上記の本明細書に記載の方法はまた、単一細胞または核配列決定の用途に使用され得る。オリゴヌクレオチドが連結されたジデオキシヌクレオチドの使用は、例えば、単一細胞または核に由来する核酸の前増幅の必要性を排除することによって、ウェルまたはチューブなどの従来の区画中では実施されない単一細胞または核配列決定法を改善し得る。例えば、オリゴヌクレオチドが連結されたジデオキシヌクレオチドを使用して、組織試料のトランスクリプトームの、ゲノムの、およびタンパク質学のデータを空間的に分解するために使用される方法を改善し得る。
いくつかの実施形態において、本明細書に開示される方法は、大きなゲノムの分析に有用であり得る。遺伝子末端を標的とし、外側を向いている特定のプライマーは、ゲノムコンテキストの分析のためにオリゴヌクレオチドが連結されたヌクレオチドの技術を採用するように設計され得る。この原理は、既知の特定の遺伝子座の近くにある未知の配列領域を調査することを目的とした任意の実験系に適用できる。
別の例として、オリゴヌクレオチドが連結されたヌクレオチドは、以下を含む核酸にオリゴヌクレオチドをタグ付けするための方法において使用され得る。
e.プライマーを核酸にアニーリングすること、
核酸を本明細書に記載のオリゴヌクレオチドが連結されたヌクレオチド、およびポリメラーゼと接触させ、それにより、タグ付けされた核酸を産生すること。
いくつかの実施形態において、接触は、核酸を少なくとも1つのオリゴヌクレオチドが連結されたヌクレオチド、オリゴヌクレオチドに連結されていない少なくとも1つのヌクレオチド、およびポリメラーゼと接触させることを含む。
いくつかの実施形態において、単一の種類のオリゴヌクレオチドに連結されたヌクレオチドの組み込みが実施される。他の実施形態において、複数の異なるオリゴヌクレオチドが連結されたヌクレオチドの組み込みが望ましい。

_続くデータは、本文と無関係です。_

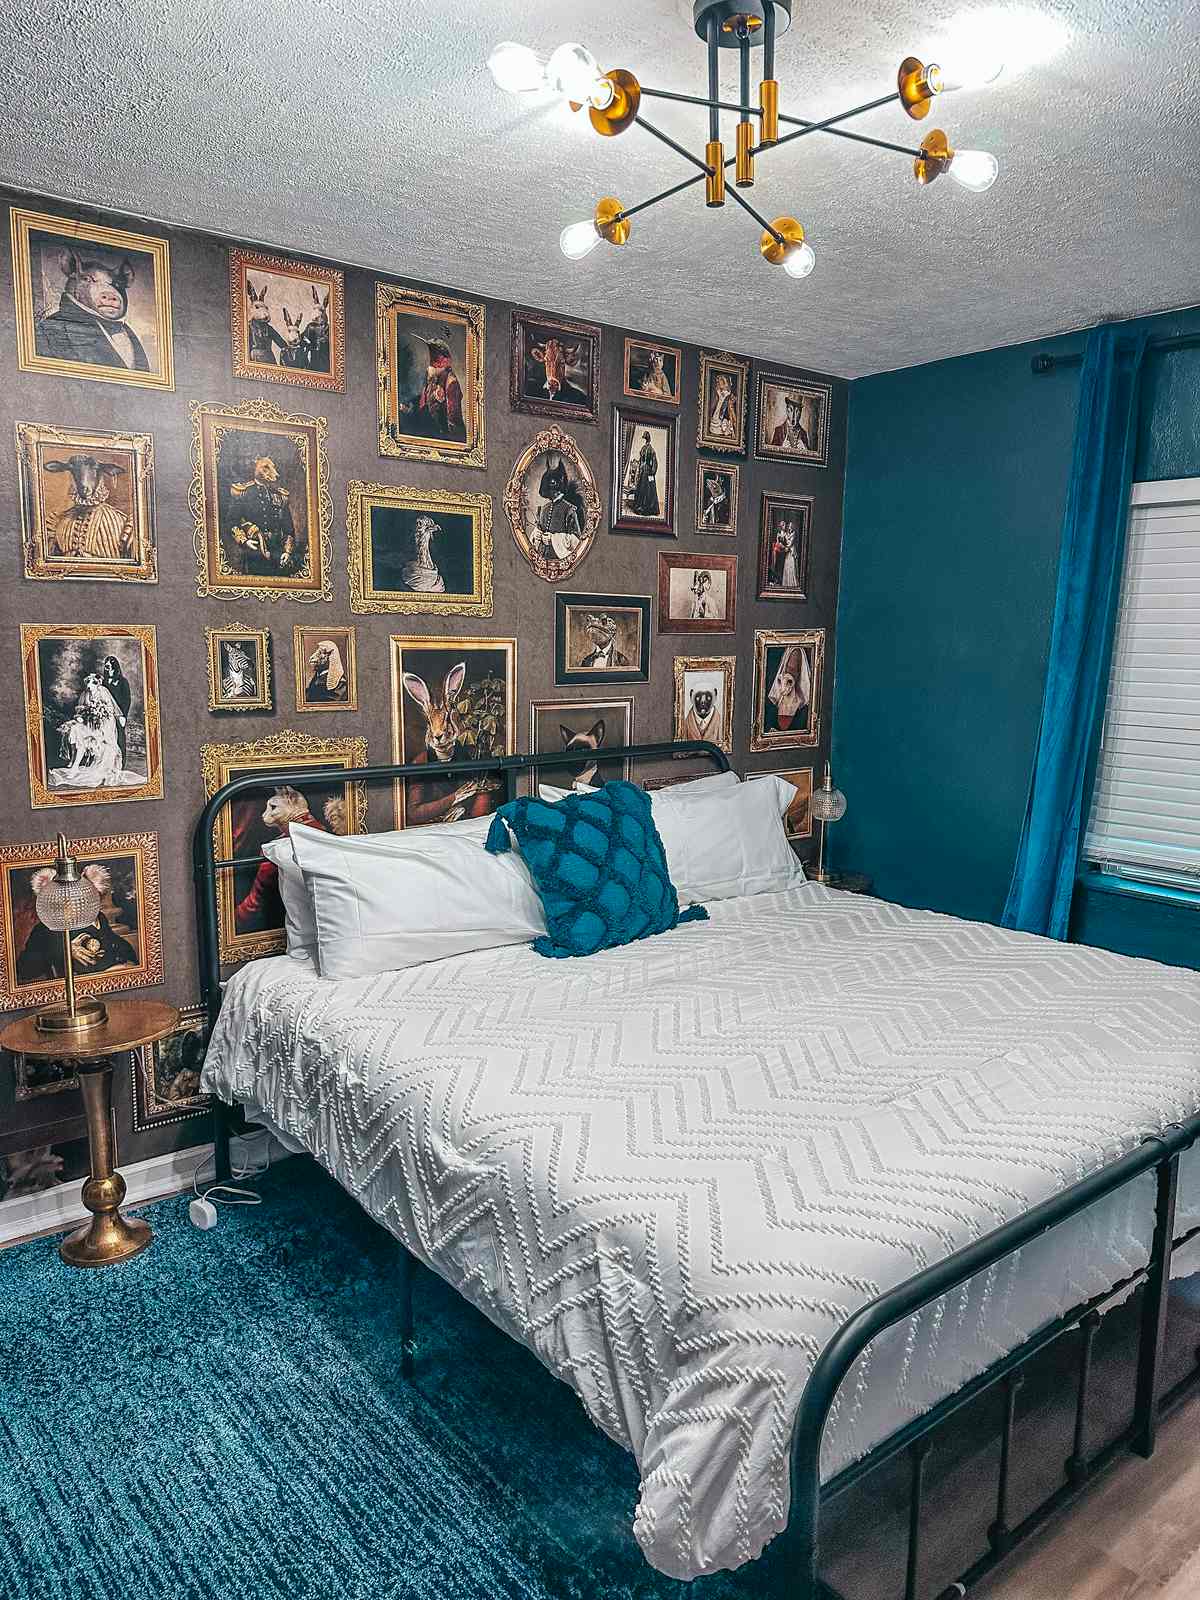 Tampa vacation rental bedroom

いくつかの用途では、方法は、核酸の5’末端および/または3’末端にアダプター配列を付加する(例えば、ライゲーションする)ことを含む。方法はまた、タグ付けされた核酸を、例えば、インデクシングPCRなどのPCRによる増幅に供することをさらに含み得る。

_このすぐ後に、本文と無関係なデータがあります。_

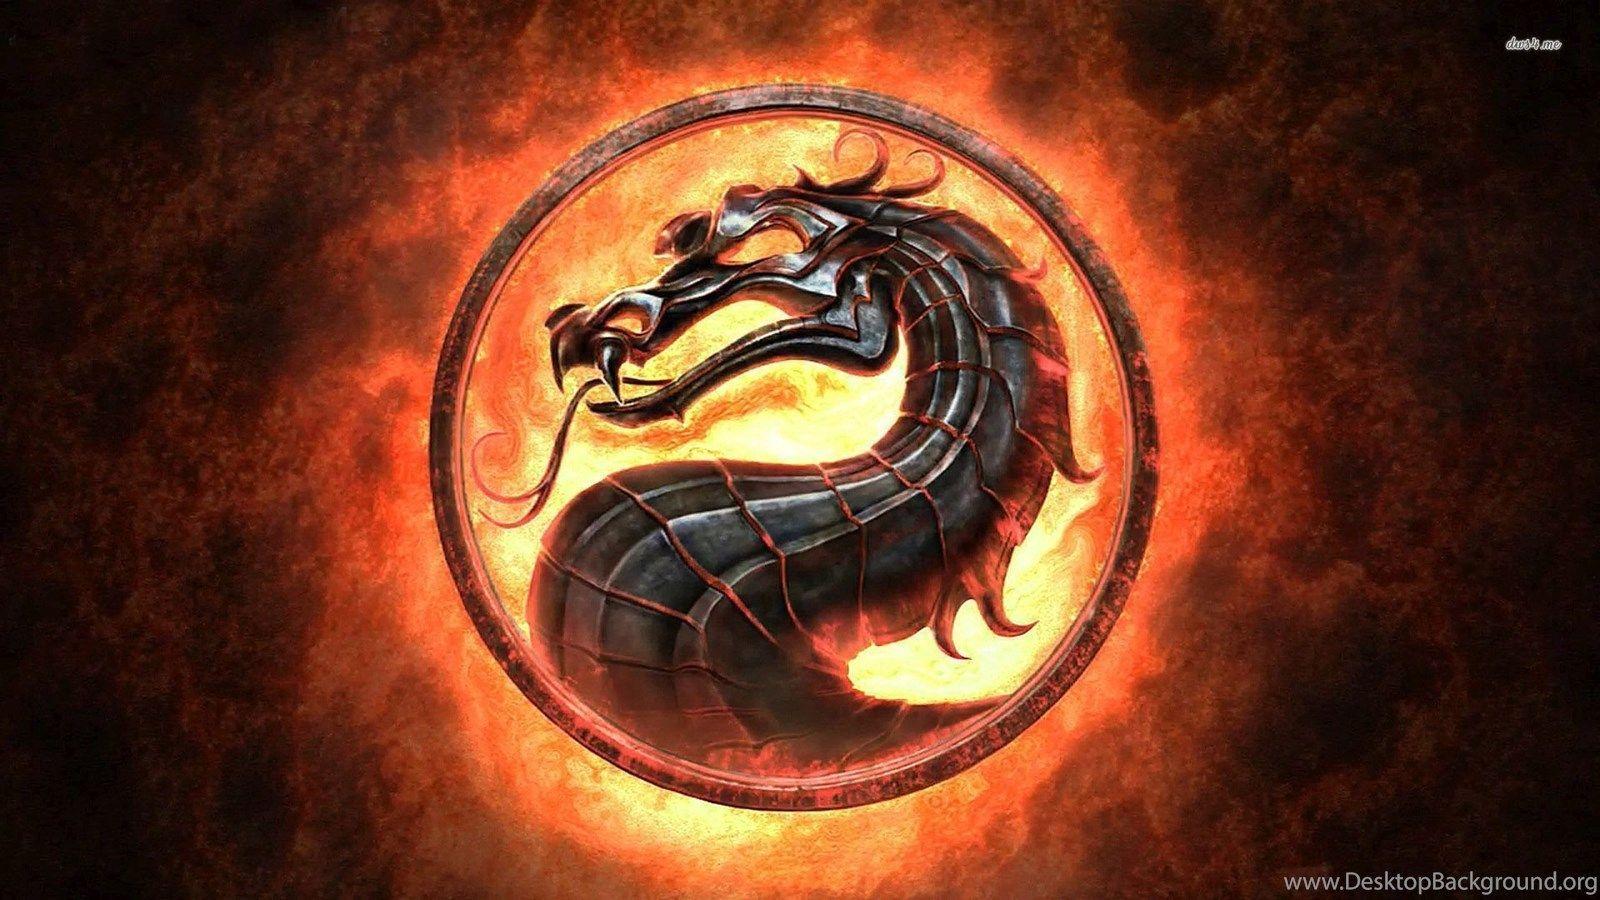 Mortal Kombat 9 Sub Zero Vs Scorpion Wallpaper. Desktop Background
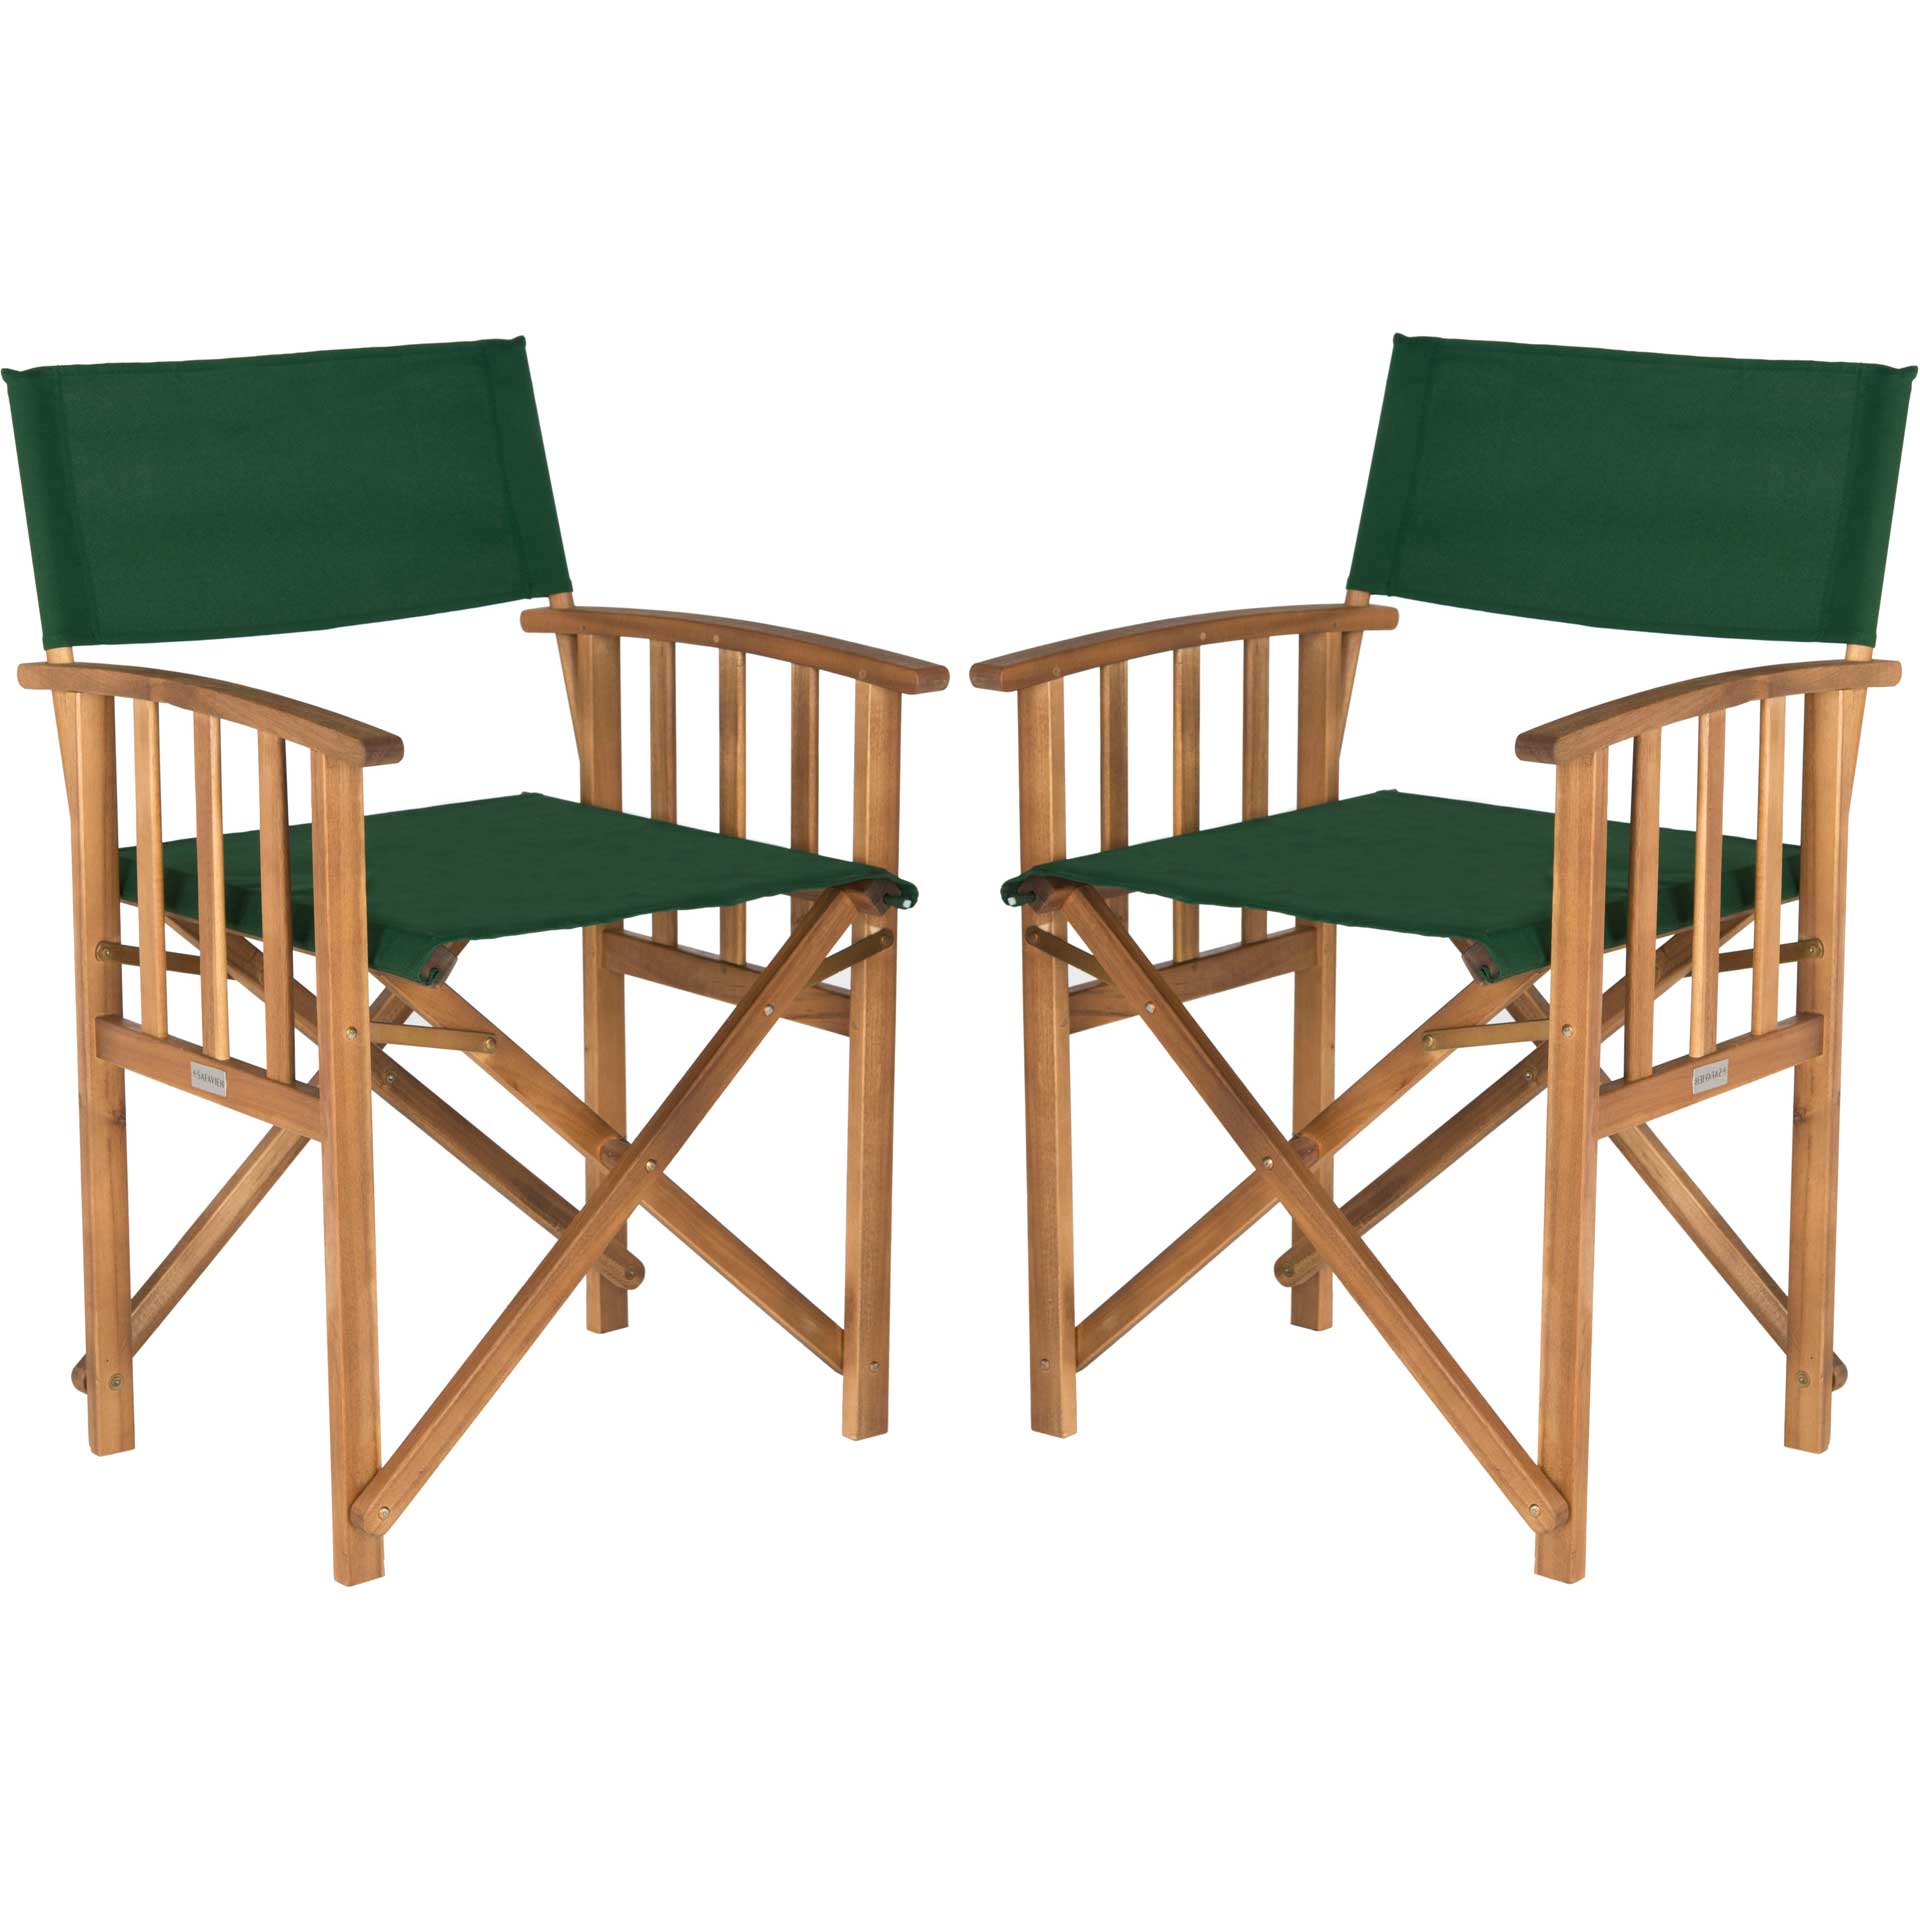 Lachlyn Director Chair Teak/Green (Set of 2)

オリゴヌクレオチドが連結されたヌクレオチドは、RNA、DNA、またはそれらの両方を含む、異なる種類の核酸の合成反応において採用され得る。いくつかの例において、ギャップファイリング反応またはニック翻訳中に、核酸がオリゴヌクレオチドが連結されたヌクレオチドでタグ付けされる。例えば、二本鎖DNAは、ニック翻訳またはギャップ充填反応中にオリゴヌクレオチドが連結されたジデオキシヌクレオチドの組み込みにより、事前に設計された特定の配列タグによってランダムに標識化される(図4)。オリゴヌクレオチドの組み込みの頻度は、DNAニッキング率の調整(例えば、DNase I処理時間を変更することによって)を介して制御され得る。得られたポリヌクレオチドライブラリは、3’末端に事前に設計されたタグを有するであろう。平均断片長はニッキング率を介して制御されるため、タグ付けは、ニック翻訳またはギャップ充填反応混合物において、単一の天然のヌクレオチドをオリゴヌクレオチドが連結されたヌクレオチドで完全に置換することによって実行され得る。
DNA末端標識化:末端デオキシヌクレオチドトランスフェラーゼ(TdT)によるオリゴヌクレオチドが連結されたジデオキシヌクレオチドの組み込みを介して、事前に設計された配列での鋳型非依存性DNA 3’末端標識化が達成される。この目的のために、ジデオキシヌクレオチドに連結されたオリゴヌクレオチドは、伸長されないように、ブロックされた3’末端(例えば、3’リン酸または3’アミノ修飾、またはジデオキシヌクレオチドを有する)を有し得る。標識化の第1のラウンドの後、コンジュゲーションリンカーを読み過ごすことができる任意のポリメラーゼによるジデオキシヌクレオチドにコンジュゲートされたオリゴヌクレオチドからのプライマー伸長時に相補鎖が合成される。次いで、新たに合成された鎖がアクセス可能な3’末端を有するので、DNA末端標識化の第2のラウンドが実施される(図5)。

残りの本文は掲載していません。